The supreme Court expanded the right of pension fund trustees to examine the employee records of companies contributing to multiemployer benefit plans. The case originated in 1979, when some employers rejected a request by trustees of the Teamsters' Central States Pension and Health and Welfare funds for access to payroll records of employees the employers claimed were not covered by the plans. The trustees' request resulted from their concern that some of the employers were evading payments to the funds by underreporting the number of covered employees.

Justice Thurgood Marshall, writing for the six-member Court majority, said the proposed audit "is entirely reasonable" in light of the provisions of the Employee Retirement Income Security Act of 1974. Continuing, Marshall said that audits of all employee records are "a proper m eans of verifying that the employer has accurately determined the class of covered employee," particularly in view of the fact that the number of covered employees reduces the employer's liability to the funds.

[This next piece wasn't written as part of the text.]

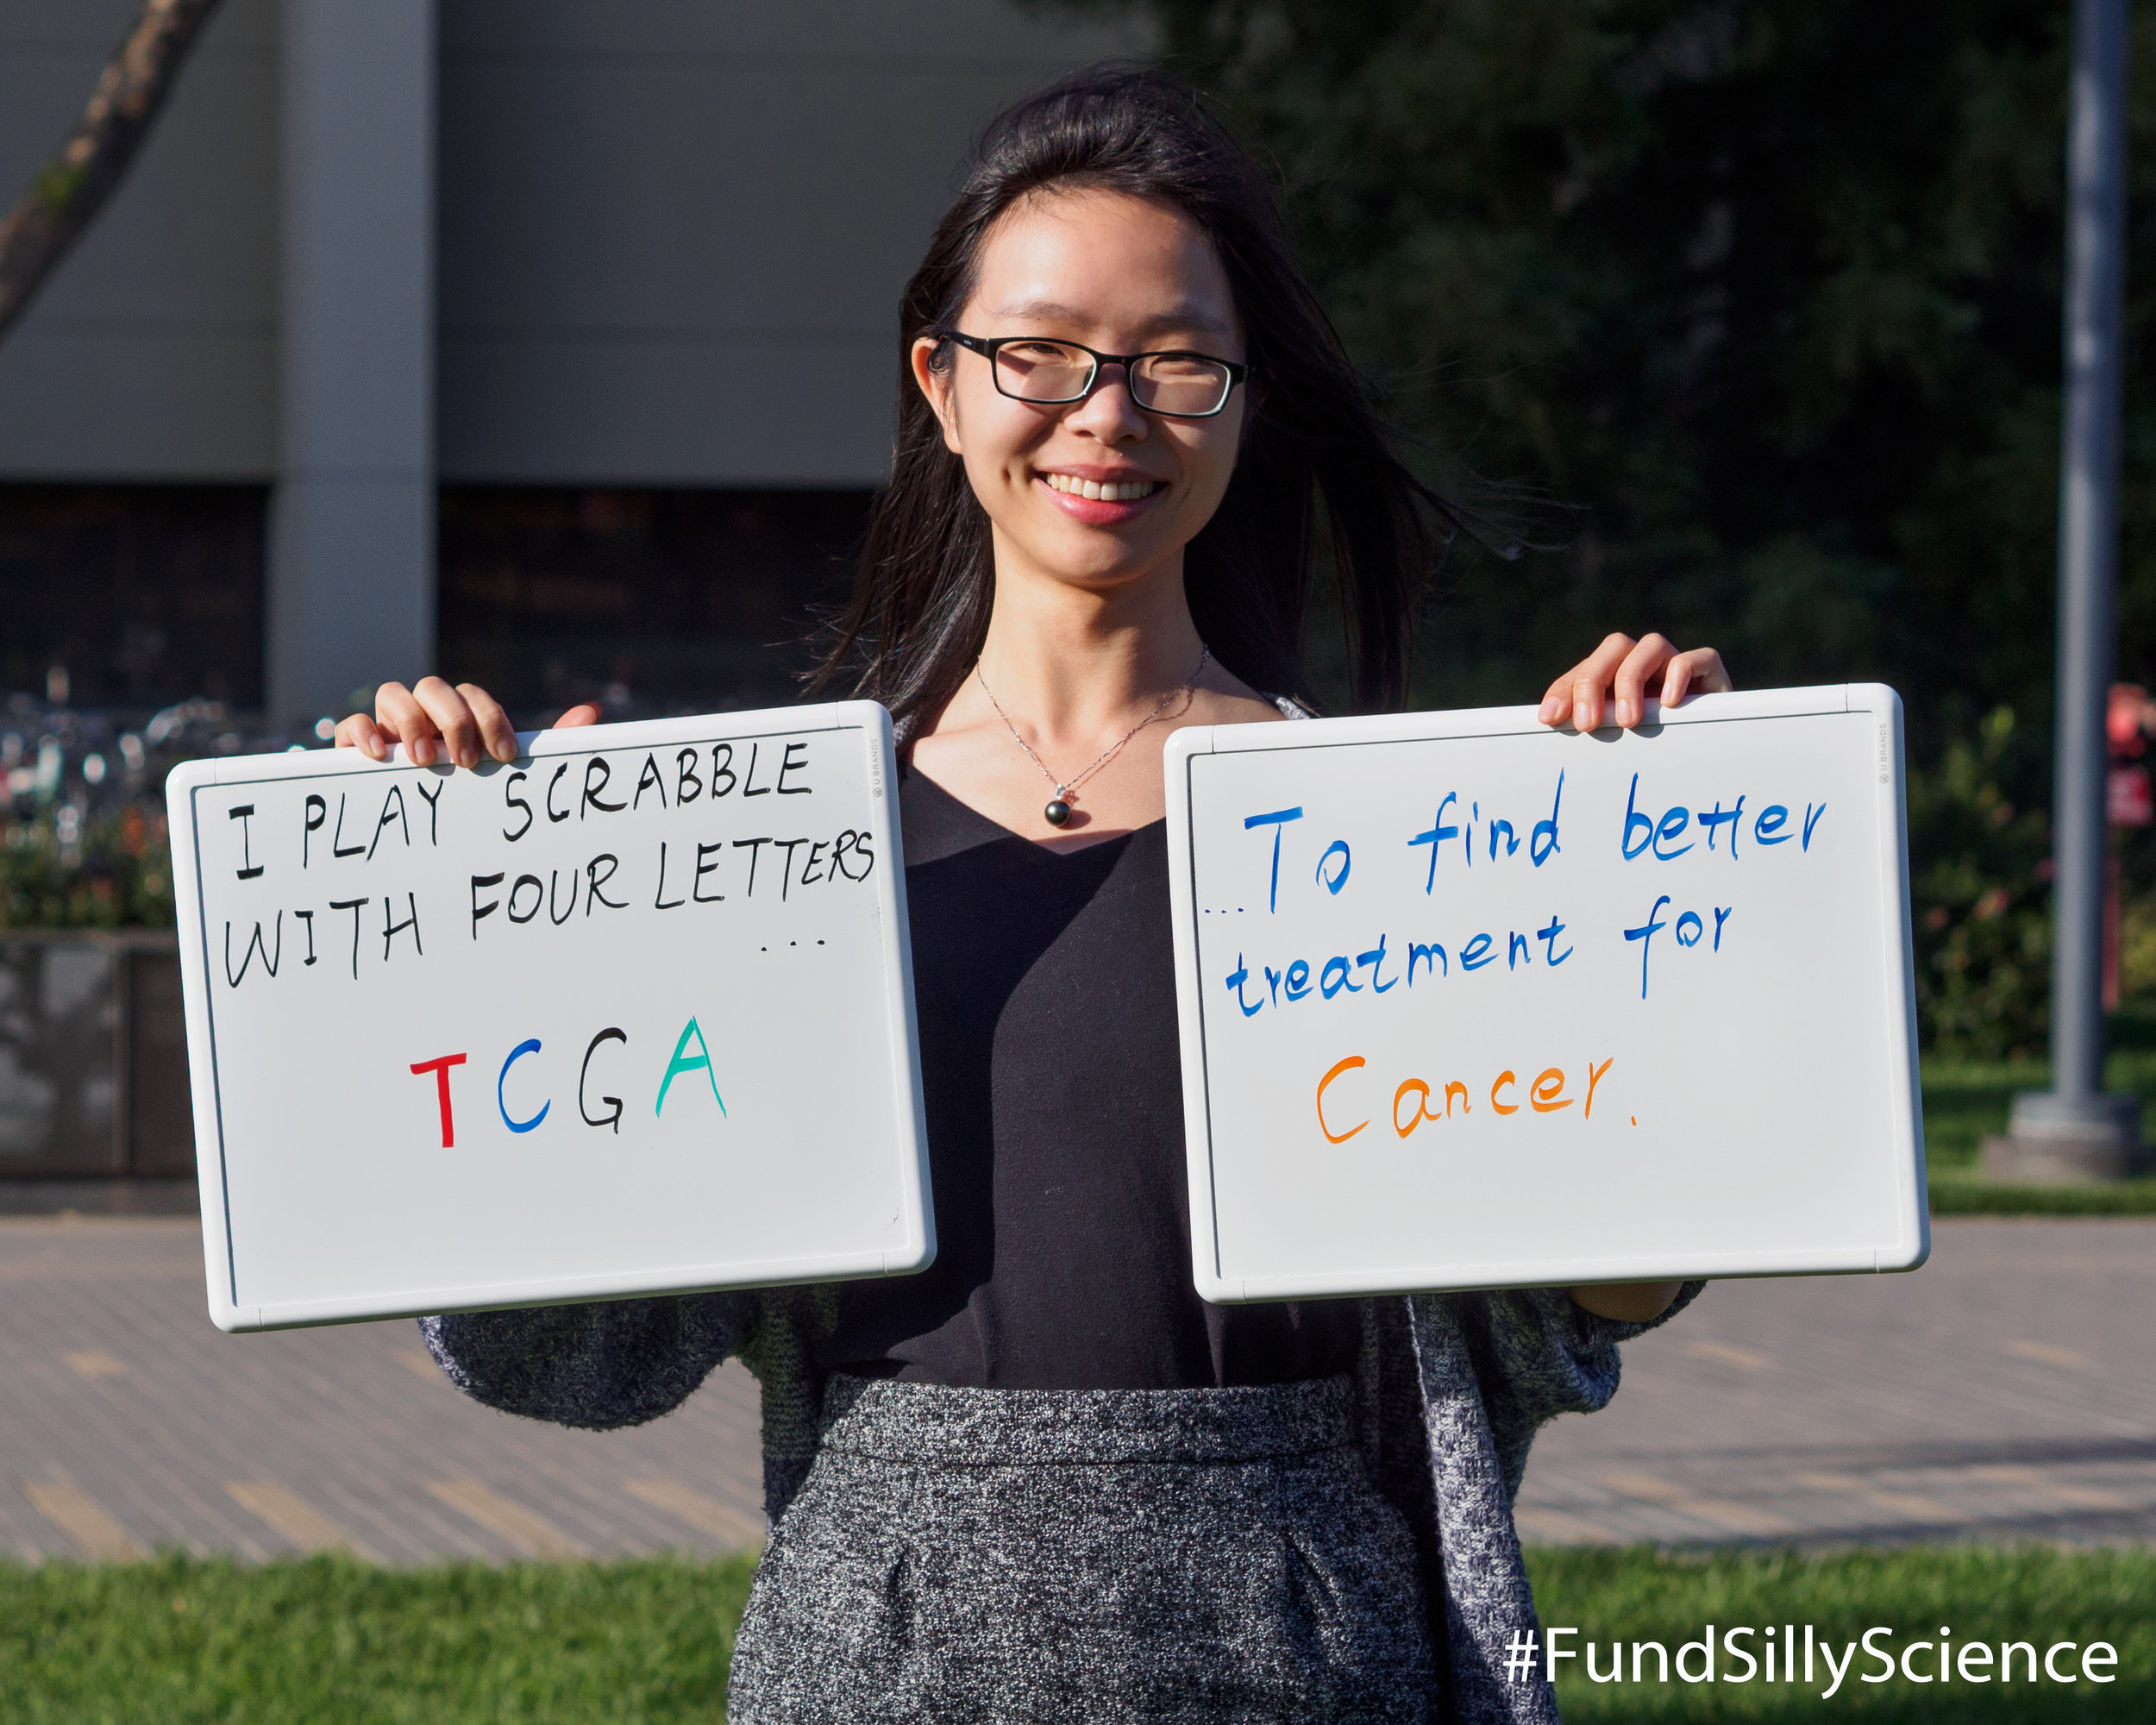  This is Hong, a postdoc at Stanford. “I analyze genomic profiles of cancers to find the culprits underlying tumor growth.” 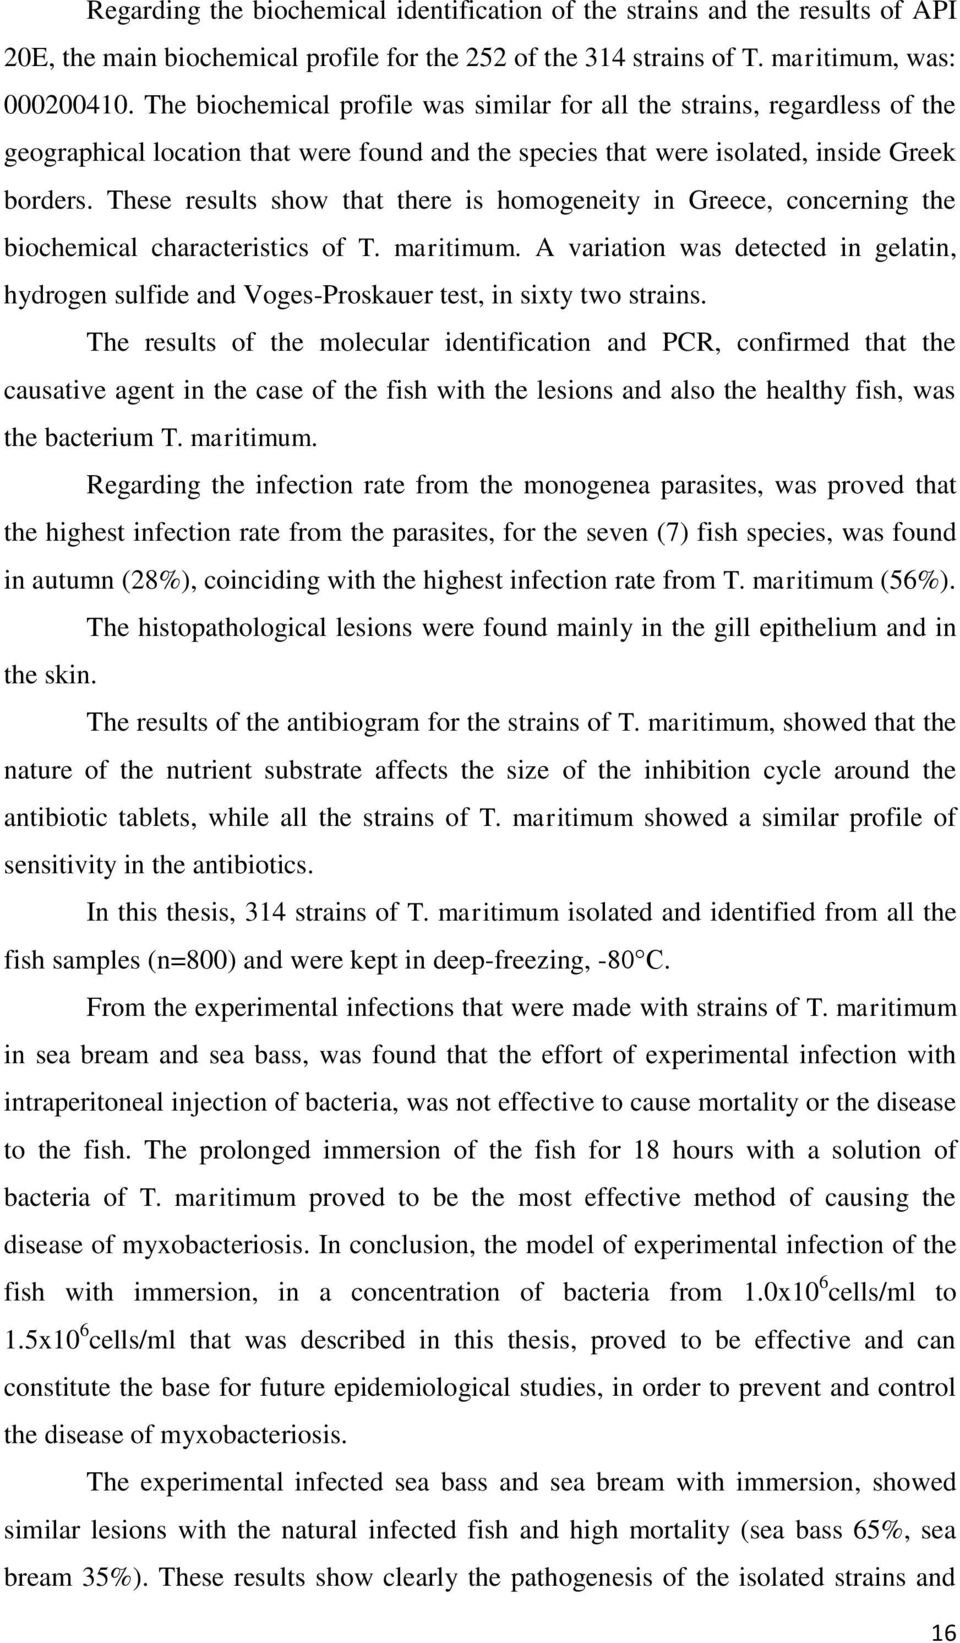 These results show that there is homogeneity in Greece, concerning the biochemical characteristics of T. maritimum.

Writing for the three-member minority, Justice John Paul Stevens agreed with the majority that the law does not prohibit such an audit by trustees, but he contended that the audit could not be performed because it was not specifically authorized by the Teamsters' labor contracts with employers.

The Court's decision reversed the finding of the Sixth Circuit Court of Appeals that such an audit was unwarranted because the trustees could rely on the Department of Labor to regulate employer contributions.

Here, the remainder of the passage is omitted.